**Work to be completed:**
Pictures must not appear in the copy. Set down exactly the line with "STAR TRADING LED" and each line after it through the end of the data below.

____ Supplied data

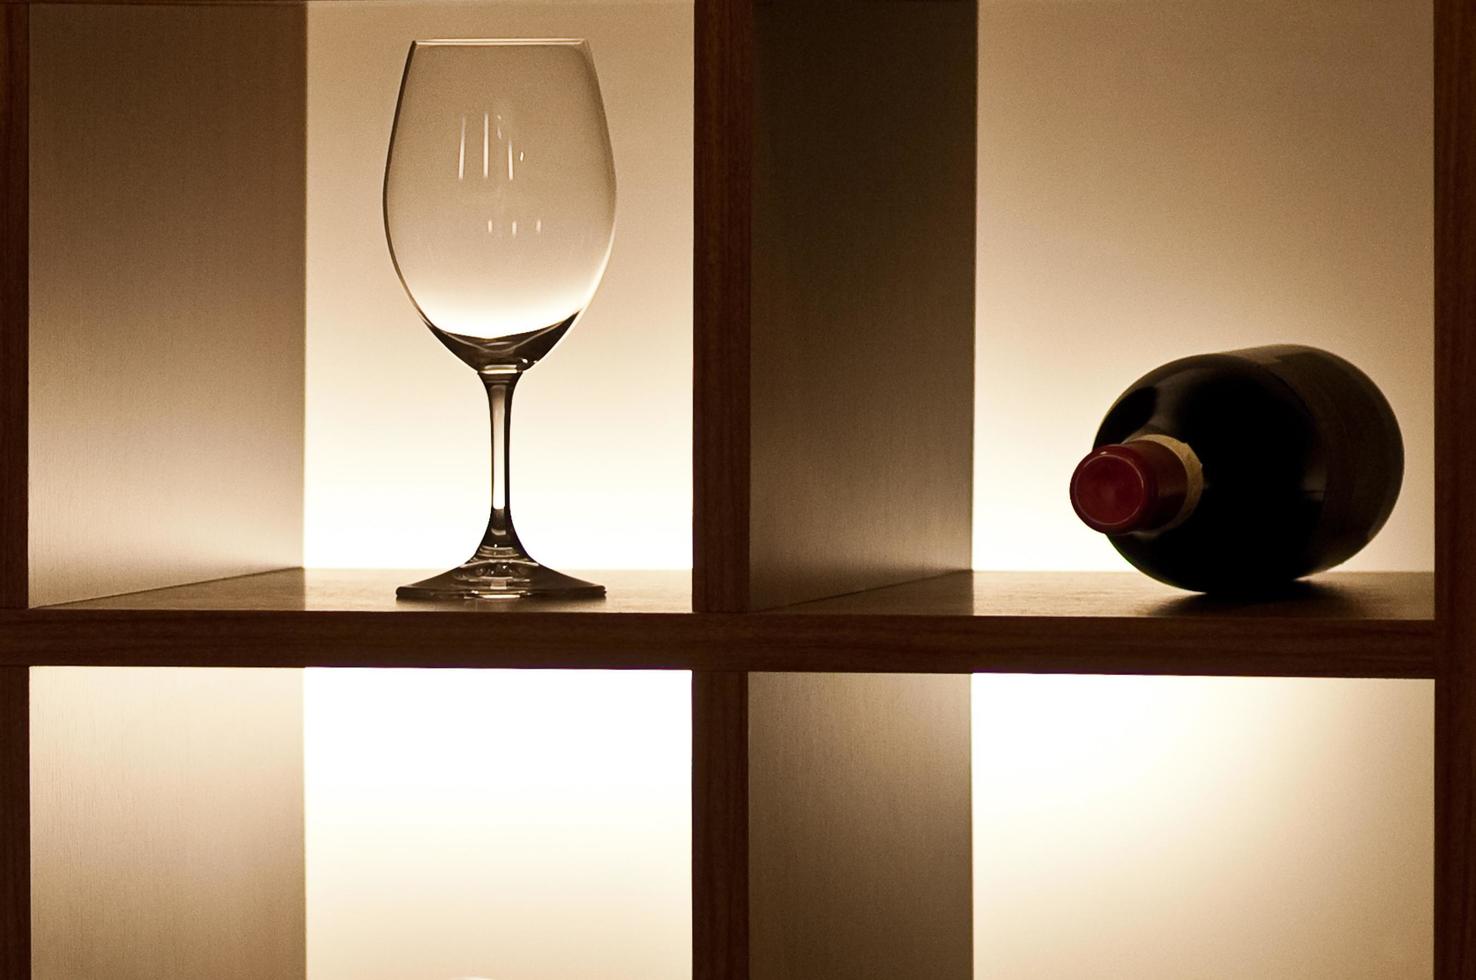 una sola copa de vino vacía con hermosos reflejos y una botella cerrada de vino tinto en un estante con iluminación lateral en el interior foto
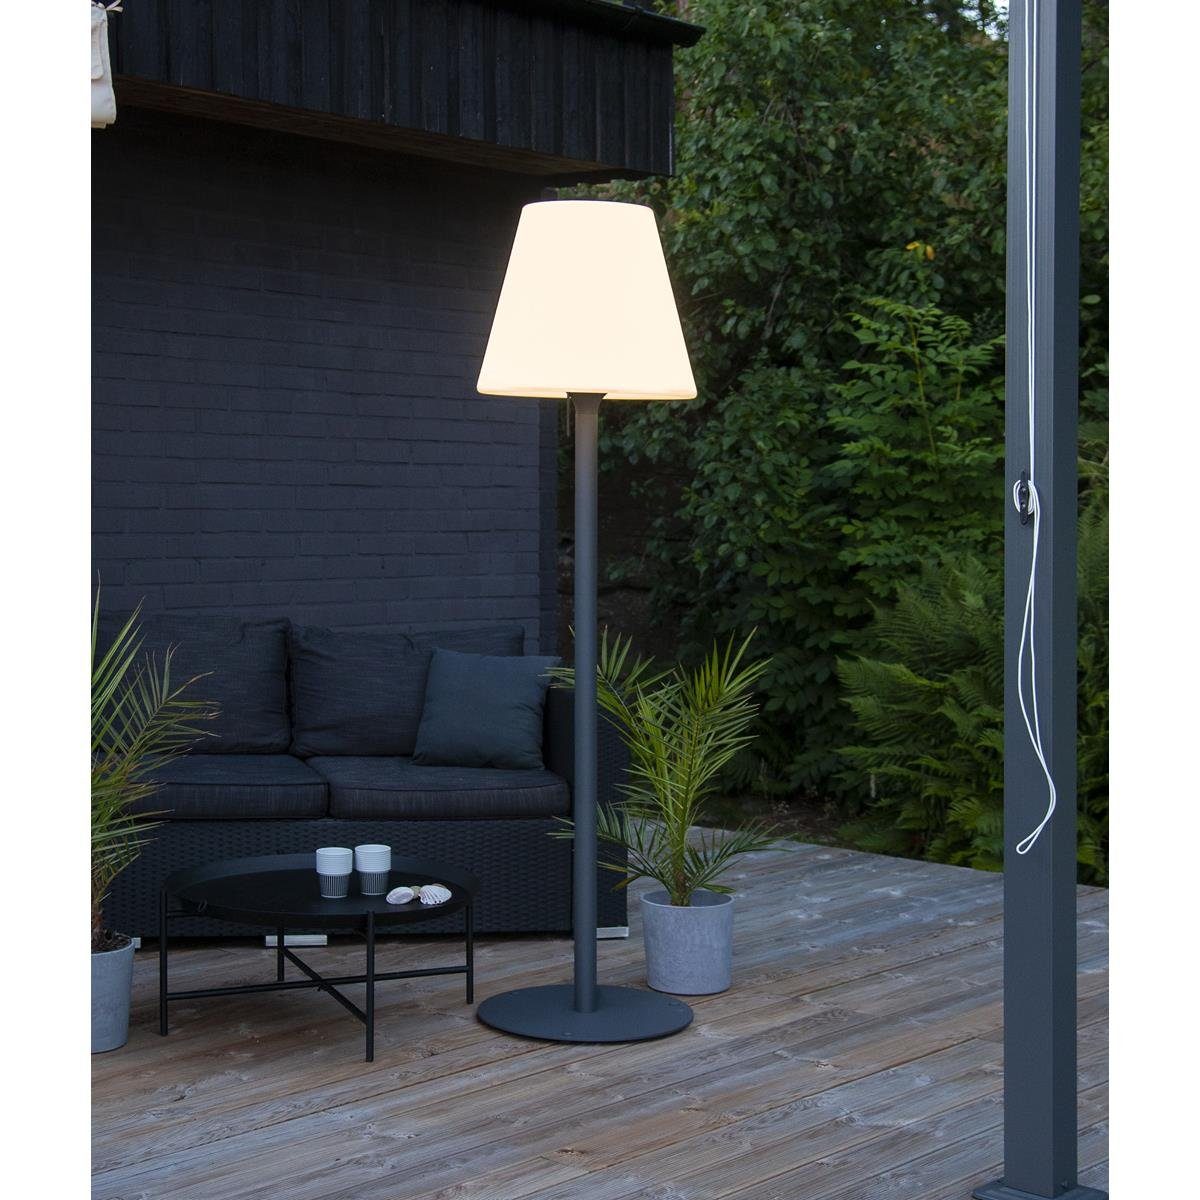 STAR TRADING LED Außen-Stehlampe Garten Beistelllampe/Stehlampe 187cm  weißer Schirm 50cm E27 Fassung
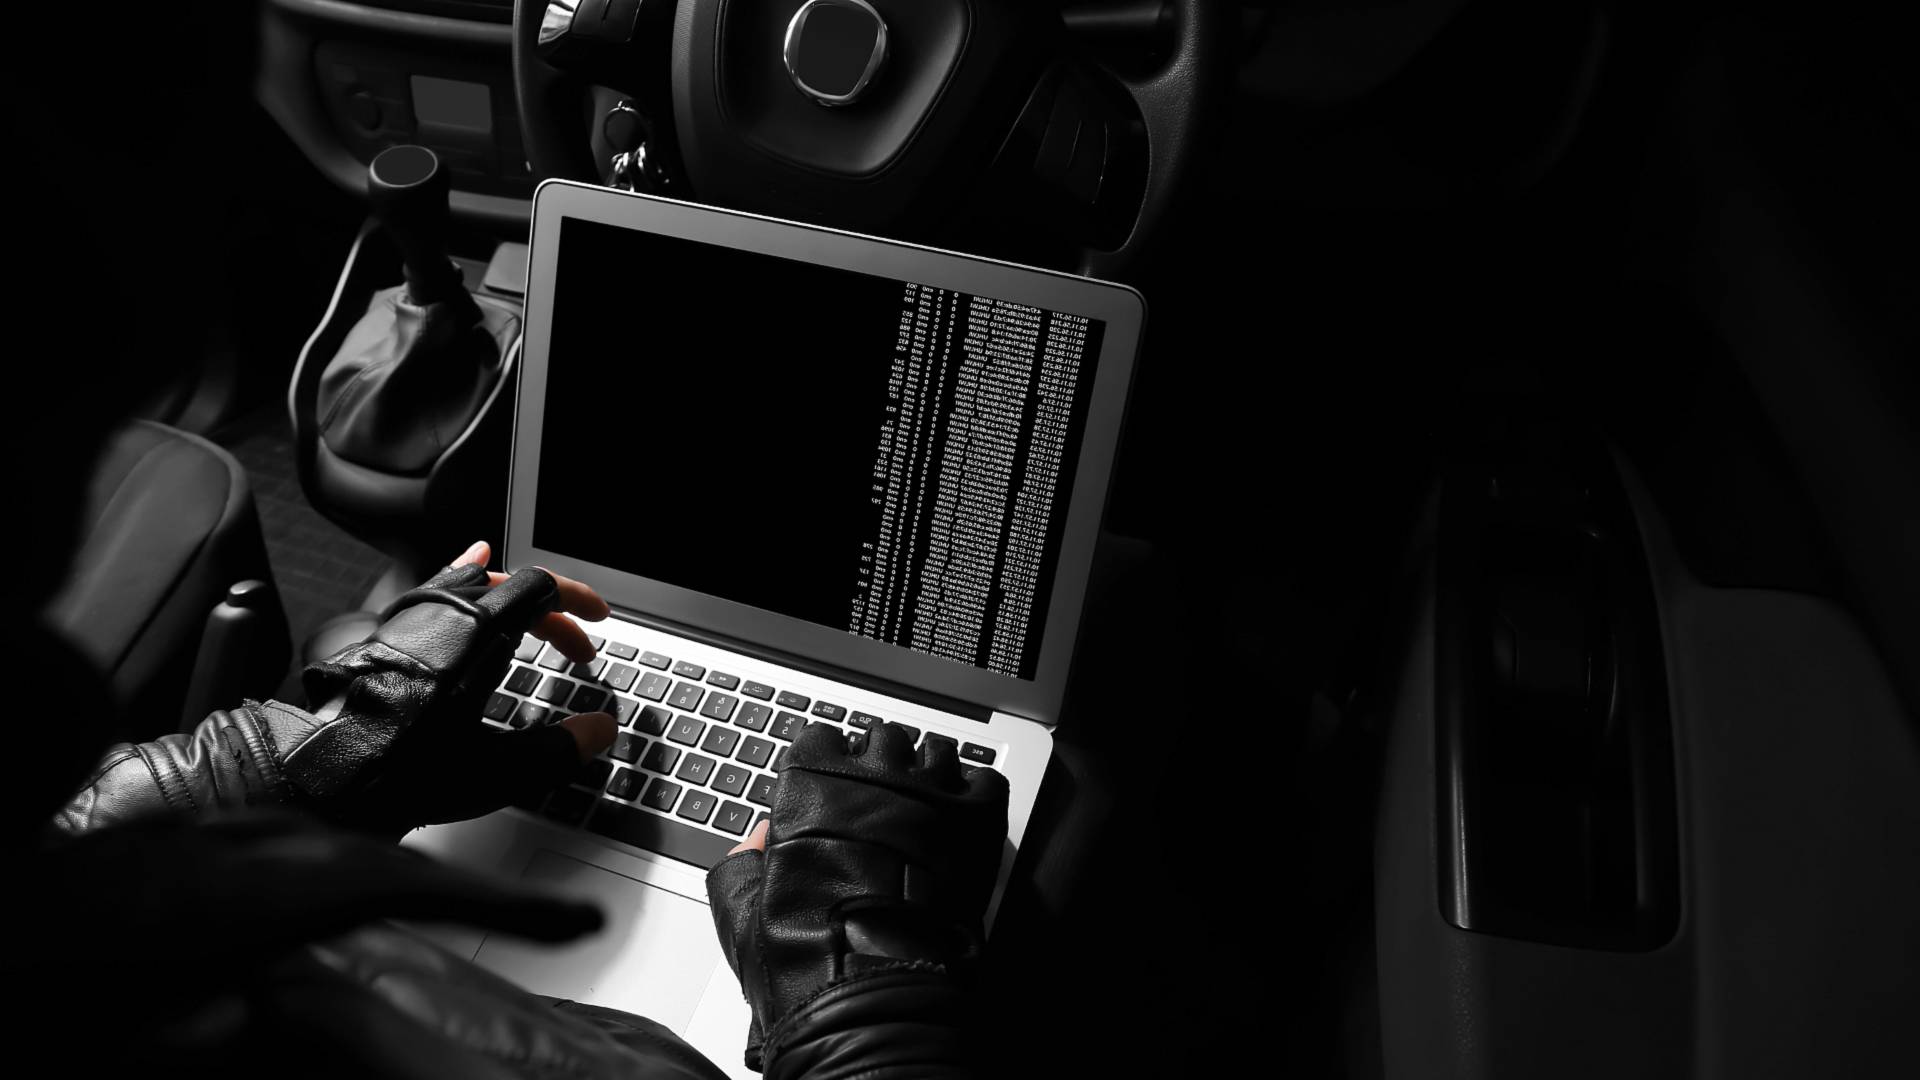 88 درصد خودروهای مجهز به ورود بدون کلید دزدیده میشوند
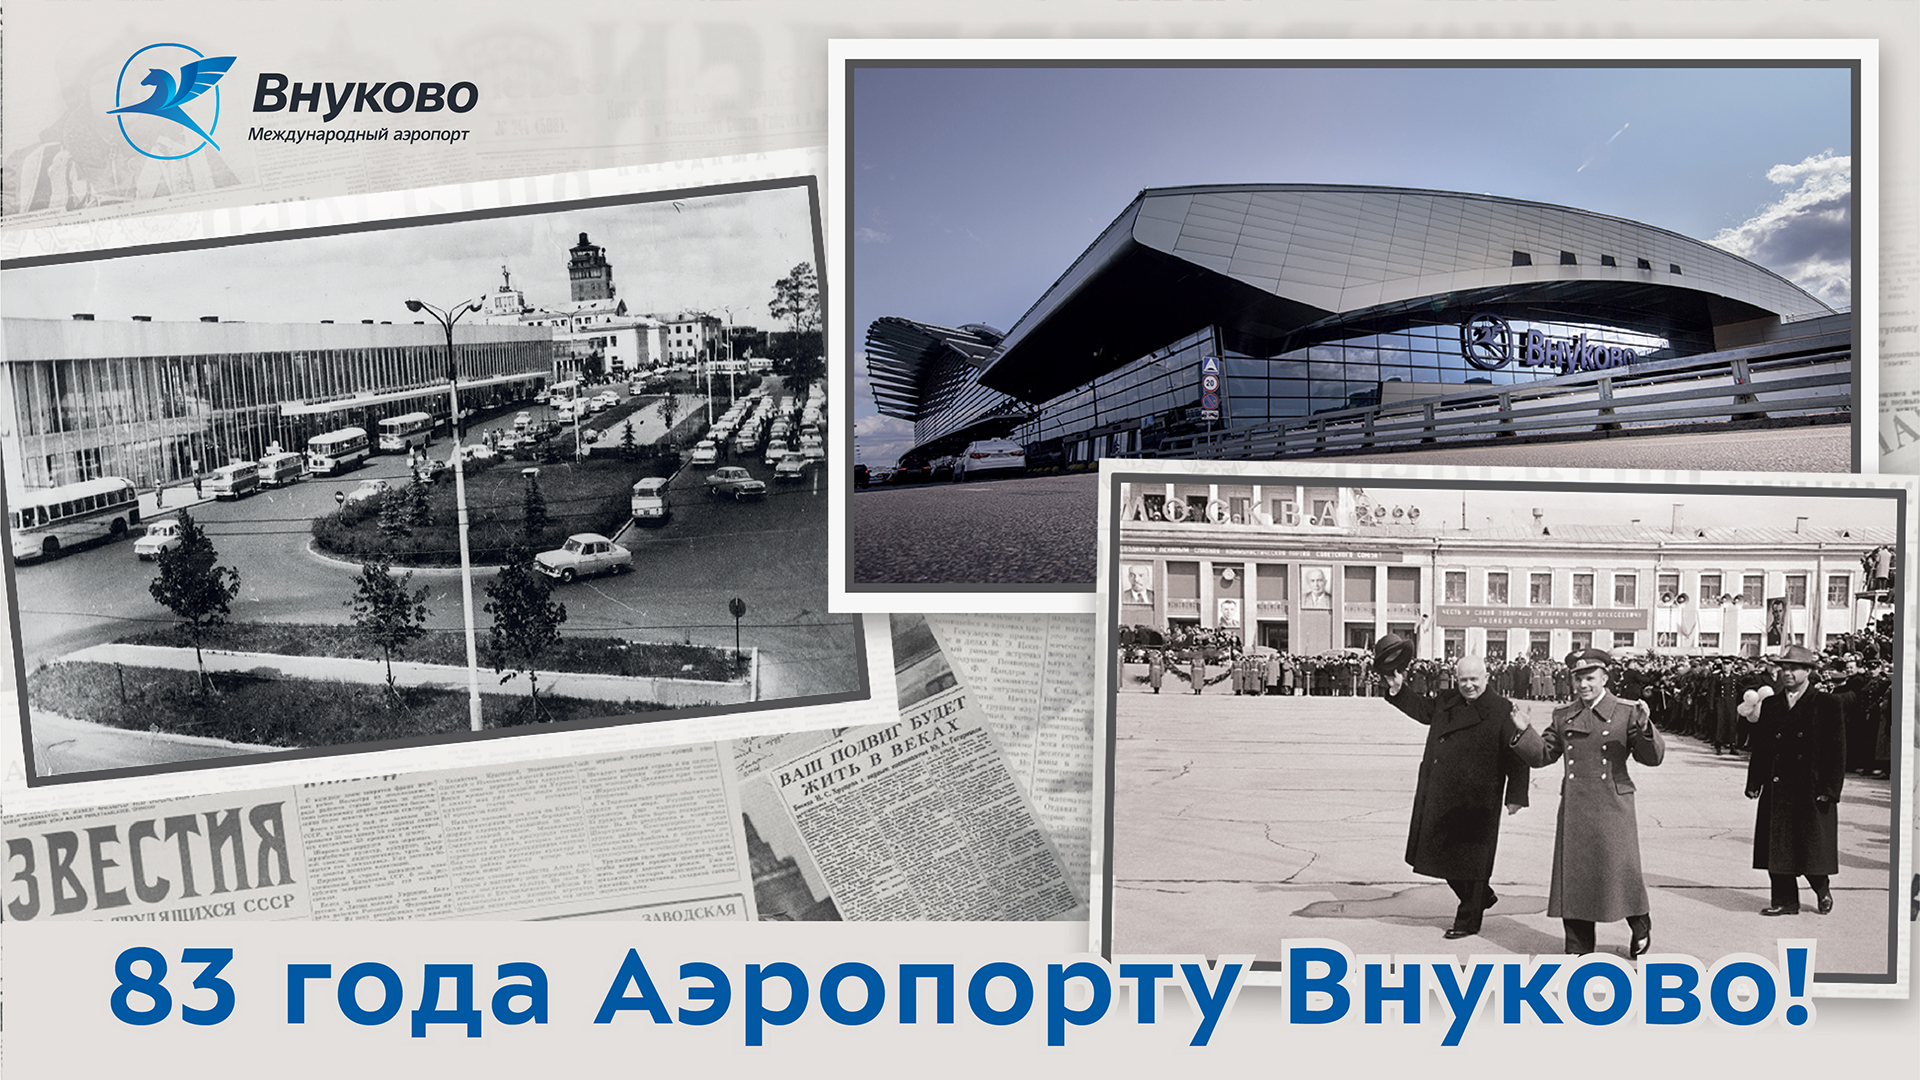 Аэропорт Внуково: 83 года надежности и развития

________

**Answer space:**
 STAR TRADING LED Außen-Stehlampe Garten Beistelllampe/Stehlampe 187cm  weißer Schirm 50cm E27 Fassung
 88 درصد خودروهای مجهز به ورود بدون کلید دزدیده میشوند
 Аэропорт Внуково: 83 года надежности и развития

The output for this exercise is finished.